Expect Lemon, Not Cosmos

For this reason, “30 Rock” should be a show on more women’s radars. Sure, there’s no fist-pumping guidos, snarky vampires or musically gifted high school students, and the actors are neither young nor Hollywood-beautiful. Yet in its four years on the air the comedy has accumulated a stack of awards and high-profile guest stars that would make your head spin, so the cast must be doing something right.

It was partly my urge to solve this mystery appeal that got me to watch “30 Rock.” But the major reason I tuned in was because I was told the main character was exactly like me in 15 years. Naturally I was excited to follow the life of a beautiful, successful blonde with sparkling wit and charm.

My ego met quite a blow, however, as did my post-grad ideal. Instead of a bombshell, “30 Rock” features a frizzy- haired, collared shirt- and cardigan-wearing Liz Lemon (played by Tina Fey), head writer of a fictional NBC program similar to SNL. Liz works tirelessly to keep her writers and actors from running the show into the ground, while managing her own life as a late thirty-something, unmarried woman in New York City. Her job is thankless and her love life a wreck, but Liz has a spark that drives her to do better and try harder, and I respect that. So although her life isn’t perfect, and mine won’t be either, it’s nice to see it’s not all bad.

I did, however, purchase a hair straightener before Netflix finished buffering episode two.

Sharing the spotlight with Fey is Alec Baldwin, who I always thought of as the creepiest of the Baldwin brothers, until I saw him in the role of Jack Donaghy. His wit is as dry as it is cynical, and his delivery is flawless, providing a perfect foil for Liz’s own brand of laughably awkward comedy. The two first meet in the pilot, and after an initial clash of personalities, begin to develop a relationship that’s based in the work environment, though it becomes much more personal over time. For awhile, the show seemed to toy with the idea of Liz and Jack as a potential romance, but the addition of various other love interests for each (like Carol, the airline pilot, who reveals Matt Damon to be a closet comedic genius) prove much more entertaining.

Good thing too, as neither Lack nor Jiz is much of a couple nickname. It seems Jack and Liz will never be more than freakishly codependent friends, but that’s okay, because too much relationship drama and we wind up with “Grey’s Anatomy.” The world only needs one of those. Or better yet, none at all.
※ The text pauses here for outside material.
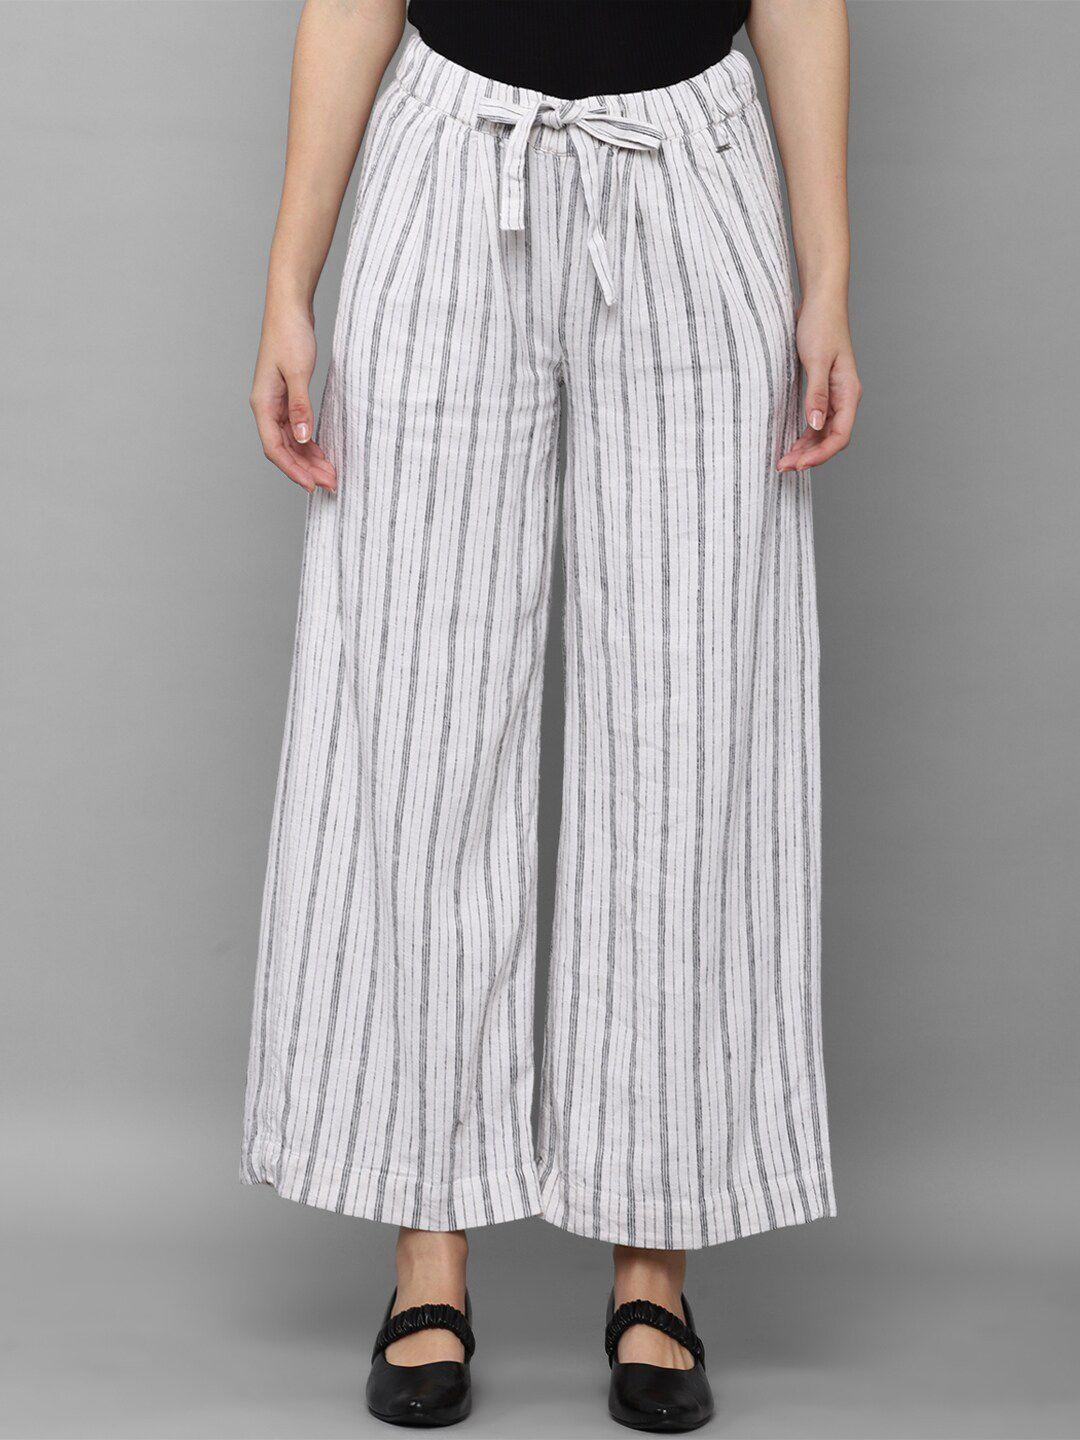 Allen Solly Woman Women Grey Striped Trousers

By the time Thursday night rolls around, I’m pretty burnt out. We all know that nasty Thursday evening feeling, and just about everyone could use a good laugh before tackling Friday classes. So girls, turn away from your “Sex and the City” box set for a second and set your sights on a more realistic funny-lady to distract you from midterms. Samantha may be getting laid more, but Liz Lemon can take Alec Baldwin down, and that is way cooler.